Here’s what the training process looks like with these values:
Epoch | Loss | w1 Gradient | w2 Gradient |
0 | 1663.901 | 2361174.8 | 201861.549 |
1 | 9269.569 | -13415972.577 | -1097061.735 |
2 | 44622.031 | 64360033.279 | 5304690.402 |
3 | 212856.013 | -307215418.666 | -25282080.172 |
4 | 1015987.765 | 1466190419.961 | 120695444.971 |
5 | 4848691.714 | -6997400267.384 | -575986518.531 |
6 | 23140483.845 | 33395098059.392 | 2748925665.978 |
... | ... | ... | ... |
At epoch 439, the values are so large they appear as:
Epoch | Loss | w1 Gradient | w2 Gradient |
439 | 1.825613645291461e+301 | -2.63462883619106e+304 | -2.1686975236400557e+303 |
440 | 8.712743251677126e+301 | 1.257376999394519e+305 | 1.0350111461292857e+304 |
441 | 4.1581577331783074e+302 | -inf | -4.939591902211514e+304 |
442 | inf | inf | inf |
443 | nan | nan | nan |
444 | nan | nan | nan |
As you can see, the loss and other values grow exponentially, and the gradients flip between negative and positive values due to momentum ⚡. A single wrong number can break the system and cause the optimization to go haywire 🚨.

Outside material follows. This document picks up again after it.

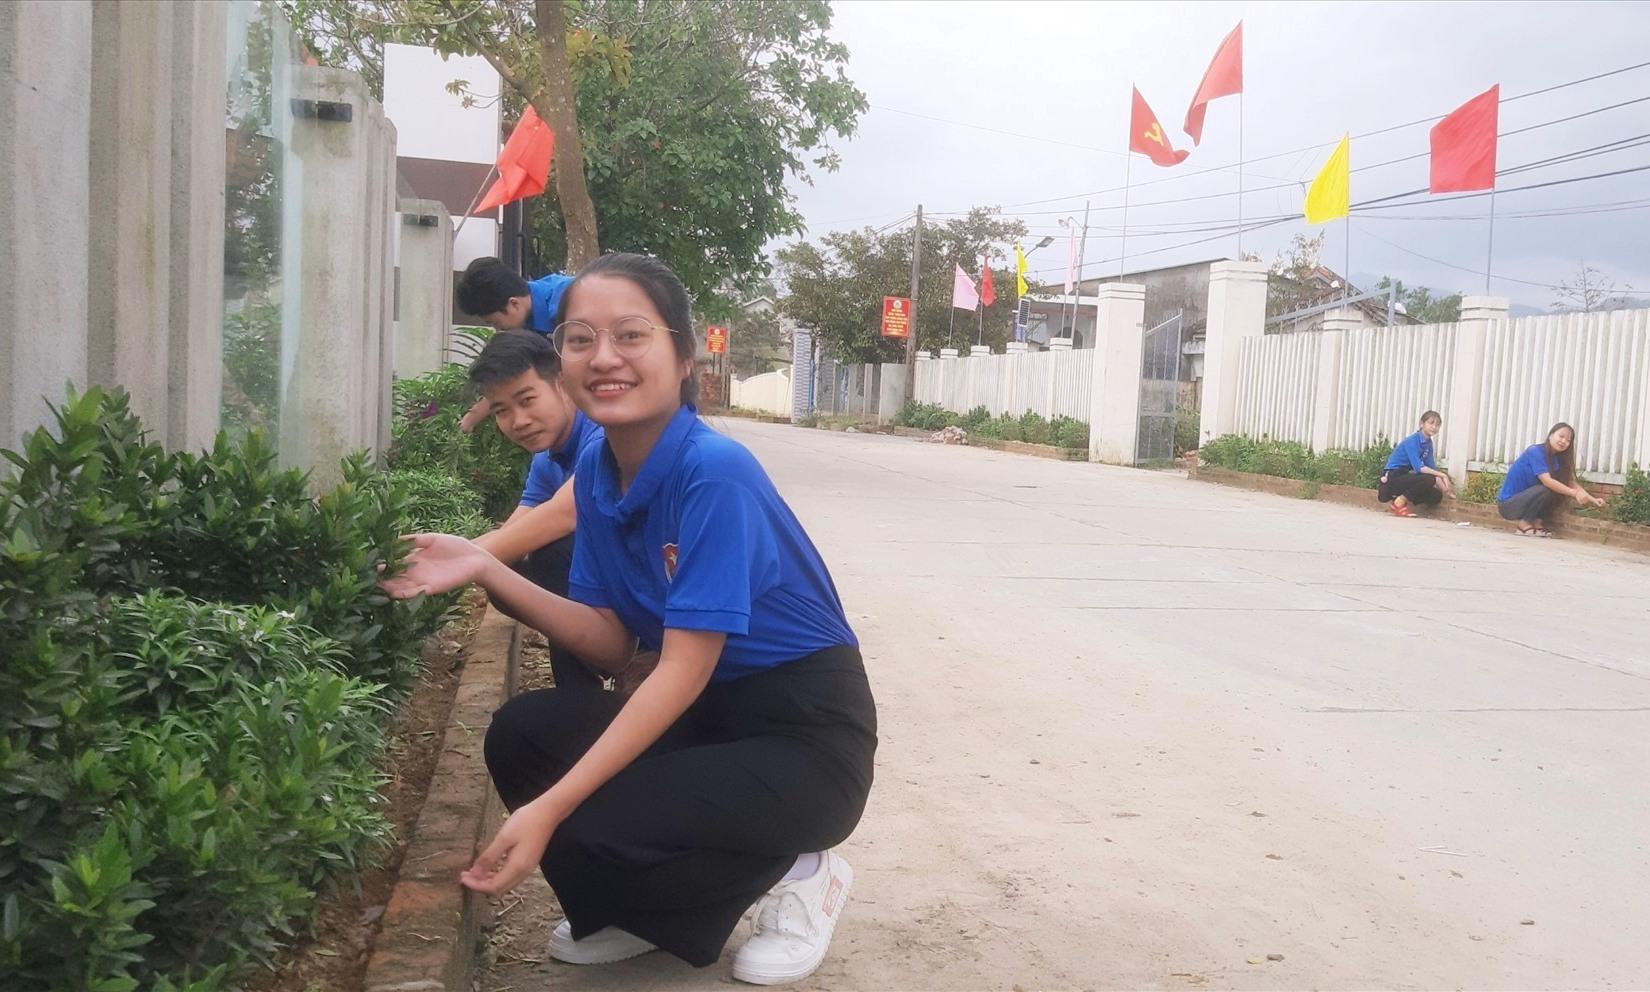 Đoàn viên thanh niên huyện Duy Xuyên chăm sóc đường hoa ở các khu dân cư. Ảnh: VĂN SỰ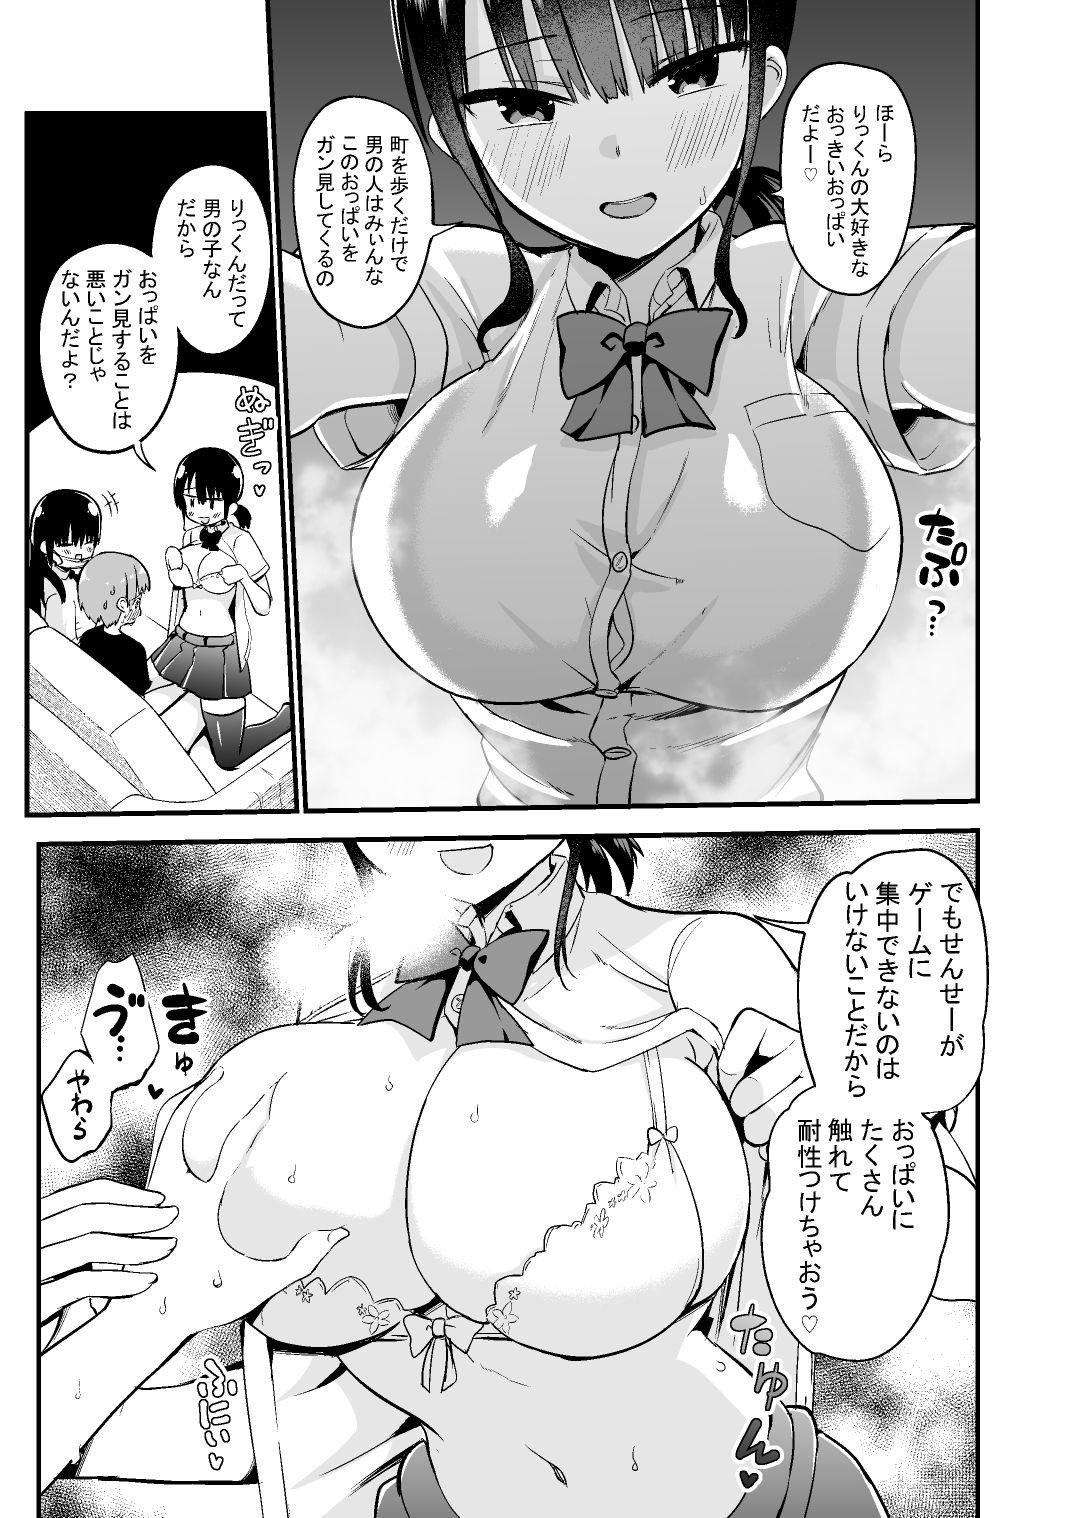 【エロ漫画無料大全集】【爆乳エロ漫画】ゲームが得意な僕に、爆乳のお姉さん2人が弟子入りしてきたので…

Managing Learning Rate Dynamically 🔄
Now, let’s tackle this issue. First, we need to identify the problem: static learning rate 🚧. We don't want to spend time tweaking the learning rate through trial and error 🔬. We want it to adapt dynamically 🌱. But to adapt, it should have something to base its adjustments on — for example, the gradient 📉.
Here’s when things get interesting 🔍:
Let’s remember that we already have something that changes based on the gradient — momentum. Momentum is essentially a moving average, and we use it to update parameters (weights/coeffs) directly ⚙️. But what if we updated the learning rate in a similar way? 🤔 What if we use the gradient just like momentum does? Let’s give it a try! 💡
We could directly use our moving average (momentum) and come up with an update formula, but there’s a catch 🎣. Momentum cares about the direction of gradients, so it can be either positive or negative ➕➖. However, the learning rate must never be negative ❌. If we don’t manage this, positive and negative gradients might cancel each other out, like this: -5 + 5 + 4 - 4 = 0 🌀.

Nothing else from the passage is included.